PTSD is a harrowing theme, and films that depict stories with it are often dark in nature. Is this something you wanted to engage with or avoid?
I wanted to engage with the darkness. I wanted the audience see through the eyes of the main character “Ben” during his darkest moments. Ben was so disorientated through stress and severe lack of sleep that his nightmares started to merge with reality and he’d often hallucinate.
Were there any films or other influences that you really used for reference points when making Advance to Contact?
There was a documentary I watched called Battle Scarred and several newspaper articles that set the ball rolling.
You made the film on a really small budget. What becomes your priority during the filmmaking? And how do you overcome the inevitable obstacles that bigger budgets can tackle?
For me priority for any film being shot and especially on a tiny budget is planning.
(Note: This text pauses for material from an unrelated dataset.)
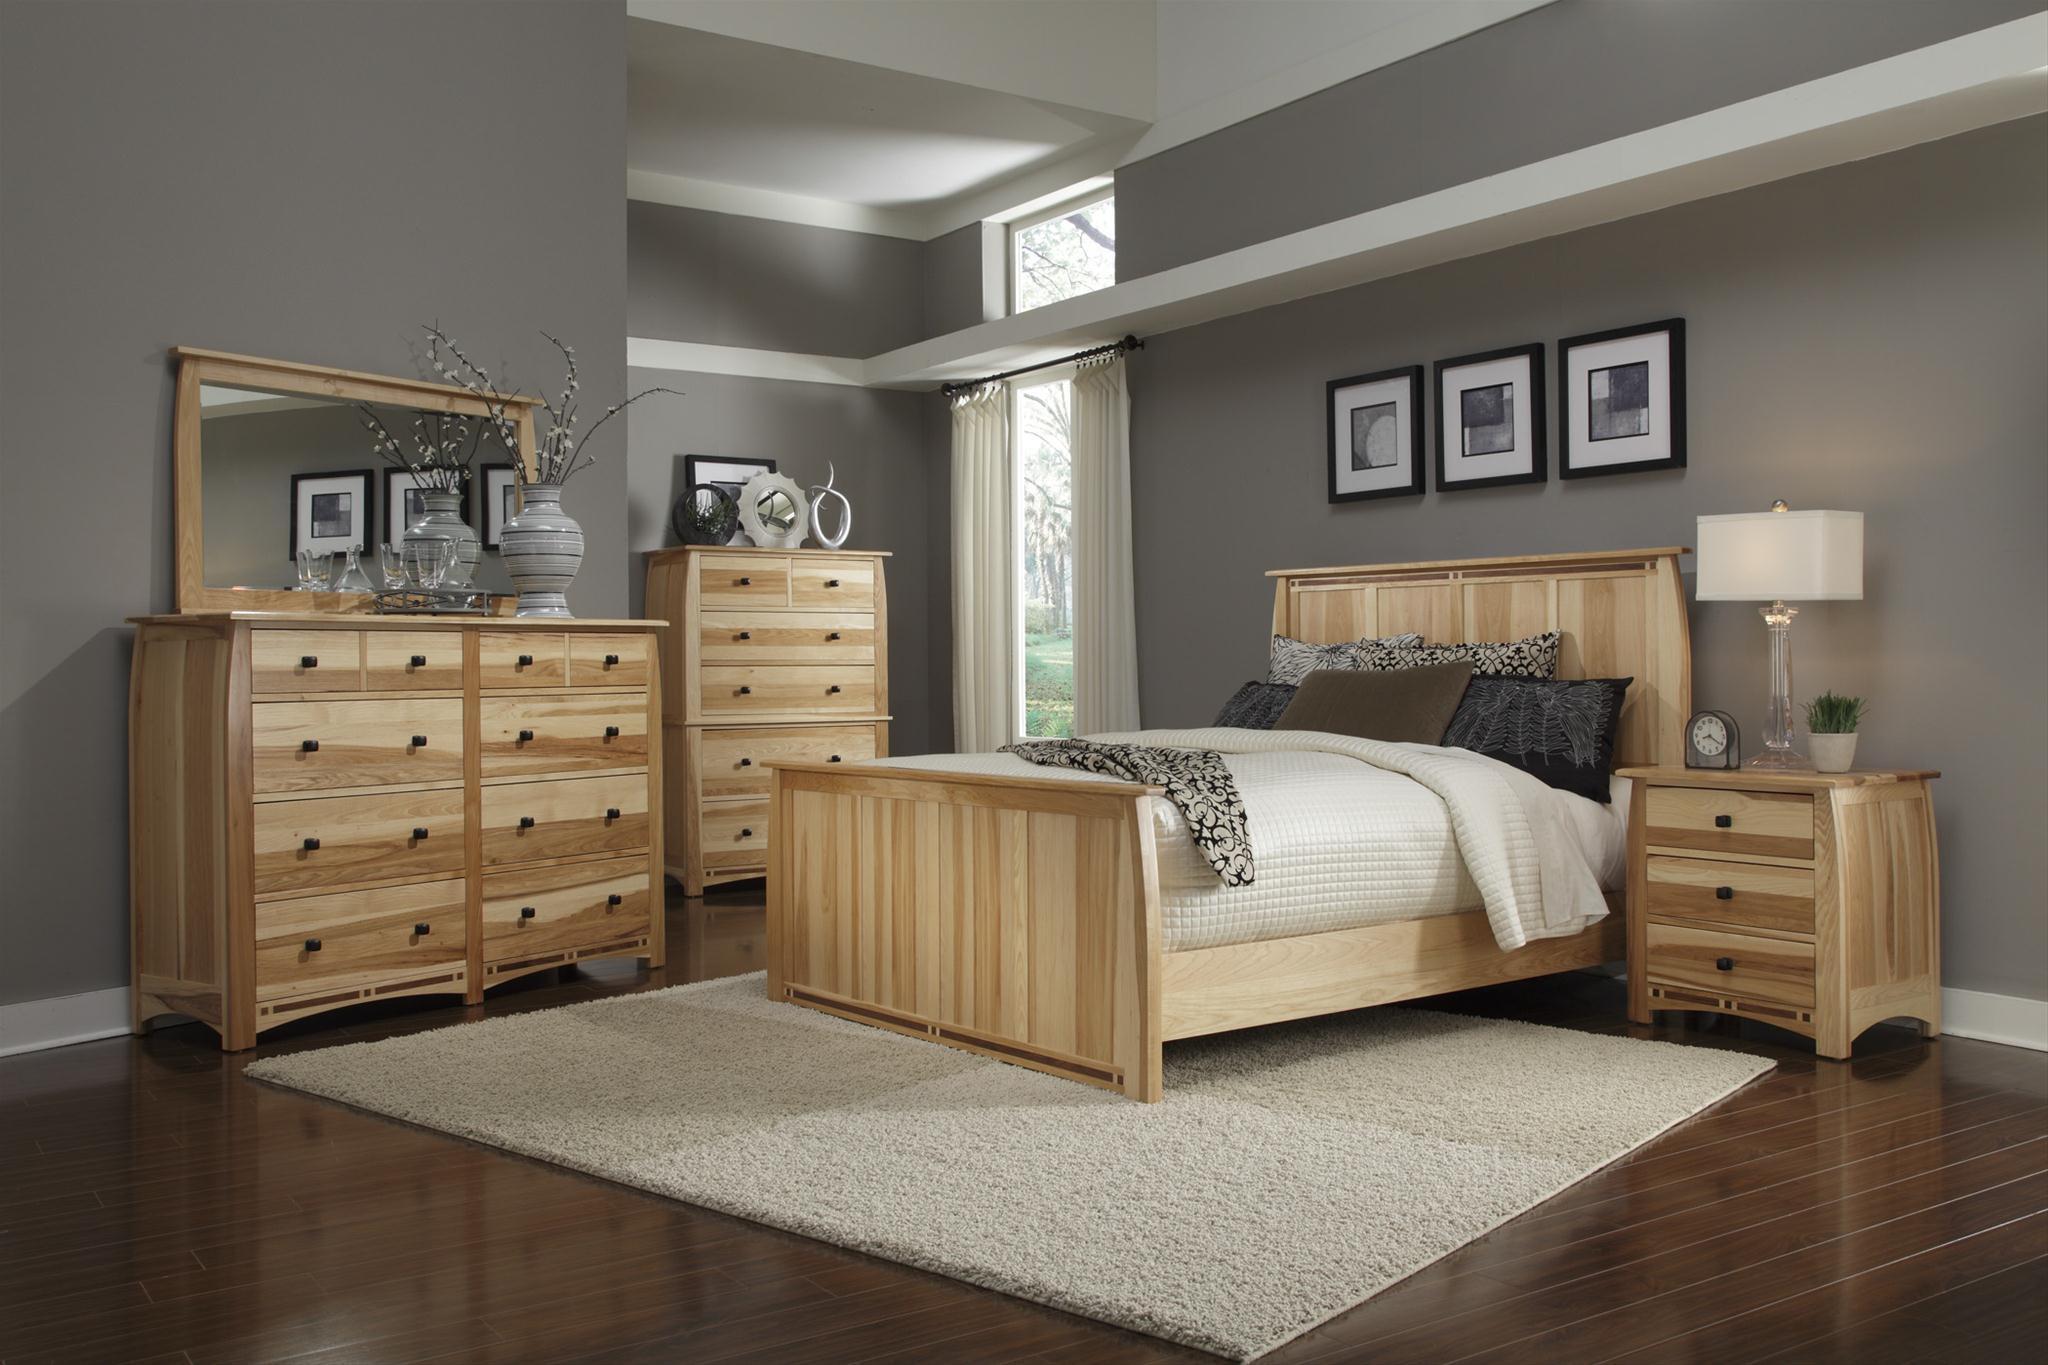 AAmerica Allentown 4-Piece Queen Bedroom Group - Item Number: ADA-NT-50-55-75-Q07

I knew that if I dropped a day or we got delayed in some way, the film would probably not be competed. I storyboarded every single shot, spent three weeks doing the storyboards and in the months leading up to production I made sure I had contingencies and everything was prepped.
Getting a committed cast and crew together is key; people who really believe in the script and the project, they have to really want to get the project done. And food - feed the crew well!
Are you going to make any more films about PTSD? What's next for you?
No more films about PTSD for me. My current project is a horror thriller shot on a micro budget. It's called MOTHER and is about a pregnant couple who are taken captive on a farm by a family who steal children and bring them up as their own.
We will be sure to look out for that! How do you approach finding an audience in 2017? Where are the successes and struggles?
I think there’s one genre that the studios don’t have control over and generally don’t do so well at and that's Horror.
All the best horrors I’ve seen in the last few years have been true indies. Finding an audience in this era of mass programming with the likes of Netflix is achieved by writing better scripts than the studios and working your arse off. There’s a lot of good stuff on Netflix and coming out of Hollywood, but there’s also a tonne of rubbish.
If you could offer any advice to new filmmakers, what would it be?
Make films! Write something, shoot it and edit it. Whatever you can afford. Even if it's a scene with a few mates. There is no substitute for just getting on with it and making something, that's how you learn. If you can, go to as many script writing seminars as you can and read scripts of the films you love and get to grips with story structure.
What would you say if you were a dolphin?
Please, humans, stop dumping plastic bags in the ocean, it's our home! They look just like jelly fish and we keep eating them, they are seriously bad for us! STOP IT!